# Help needed for moving arms



## samhayne (Jul 3, 2008)

Hi, 

Xmas out of the way i'm now moving back to my halloween stuff.

I've started to plan my werewolf last year but never had the change to actually work on it.

the werewolf will be full size standing up and want both arms to move slowly up and down.

any one got some tips on how i can proceed with the arms movement ?

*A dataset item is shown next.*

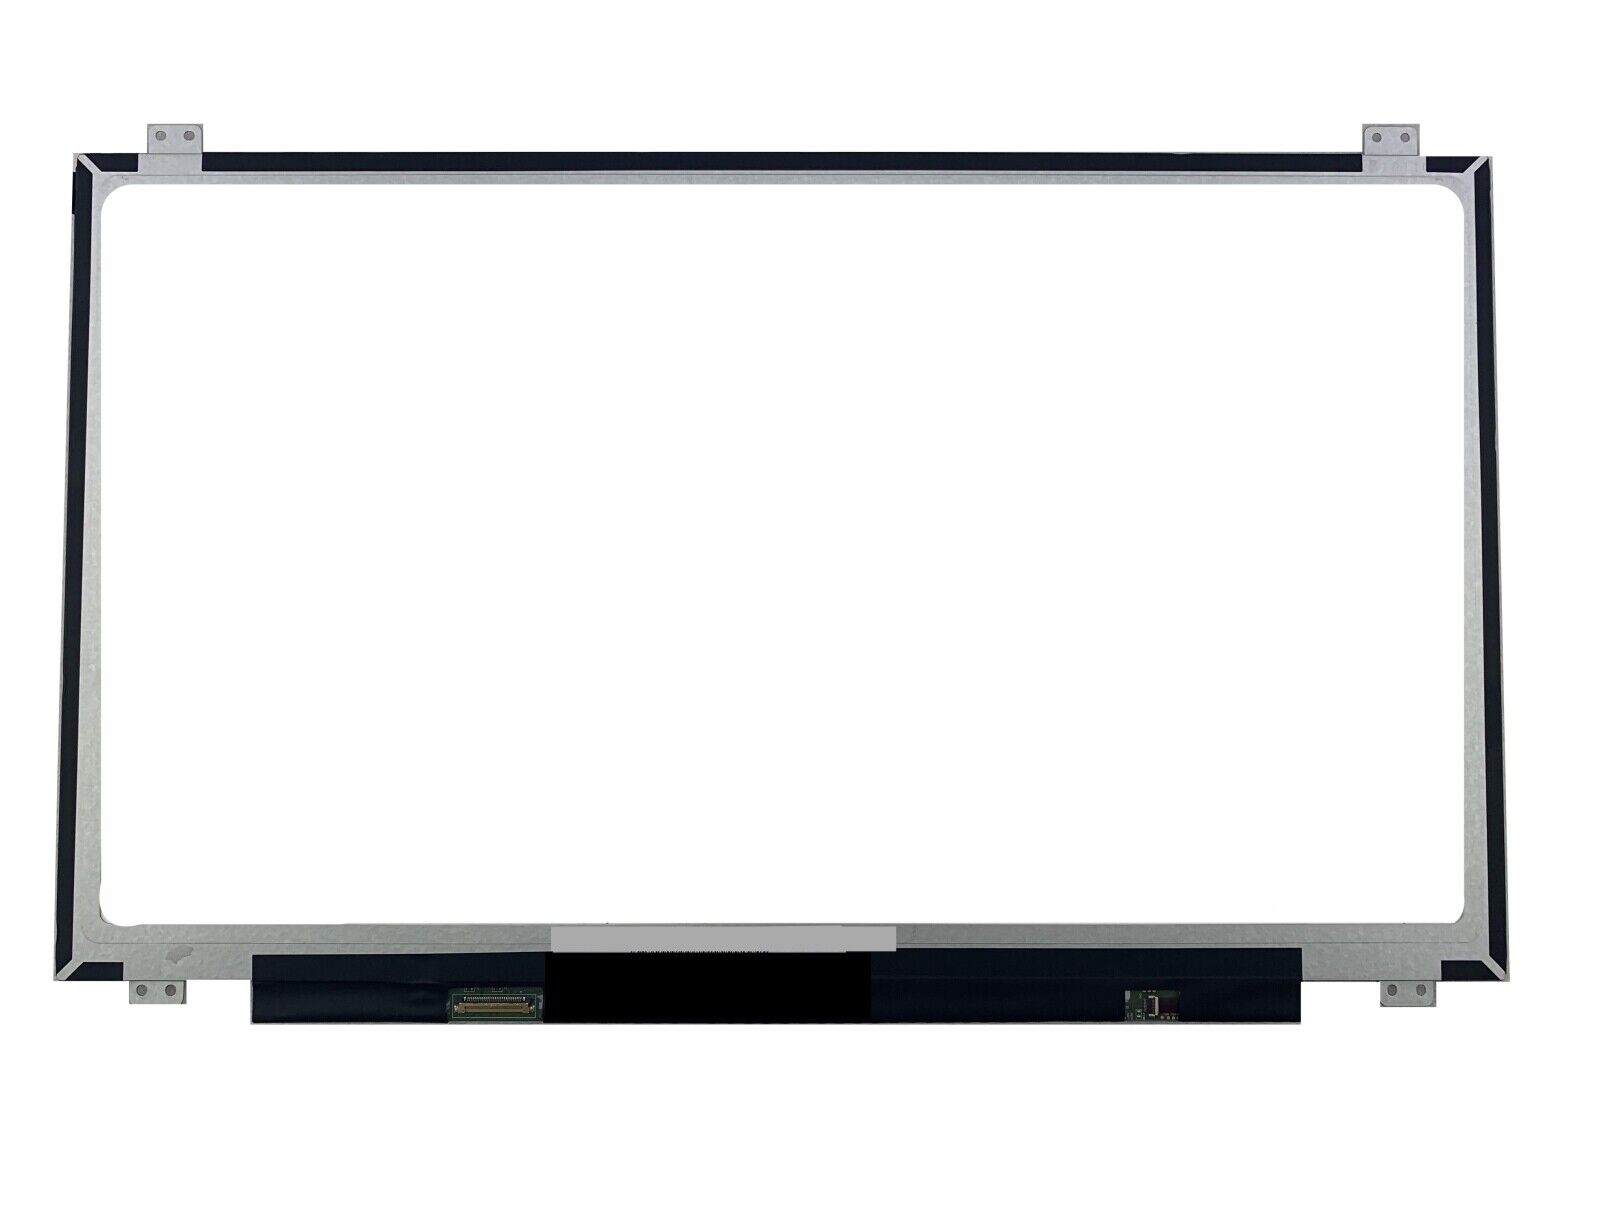 Lenovo Ideapad 300-17isk 300 (17) LED LCD Screen for 17.3 WXGA+ Display New

The prop will be a stand alone prop in the middle of the frontyard, so no wall or tree to help.

thanks in advance.

Sam


----------



## halstaff (Nov 18, 2009)

Here's a link that I've used on a couple of props - http://halloweenpropmaster.com/u-built_it.htm
To get the arms to move, simply put in a cross fitting instead of the T at the shoulders allowing you to attach the arms. Then simply extend the shoulder piece through the cross fittings and attach the arms. They will now move as the head nods. If you build the complete unit your head will also rotate.


----------



## SuperCreep31 (Nov 22, 2009)

i would love to know how to do that myself...let us know if you find something.


----------



## DarkLore (Jan 25, 2009)

If you look at examples of how people make gravediggers with a swaying arm (holding lantern), you'll get the idea. I'd use a wiper motor for more torque than a deer motor.

There's a good example here on the forum, but I can't find it. So here's a quicky sketch that might help....


----------



## DarkLore (Jan 25, 2009)

For my werewolf, I chose to move the torso rather than the arms. A sketch of the framework I used is shown in my albums. It made it easier to build and pivot.


----------



## samhayne (Jul 3, 2008)

thanks a lot halstaff and darklore, 

Like always i found exactly what i'm looking for.

Great work on that werewolf DL.

Thanks everyone.

Sam


----------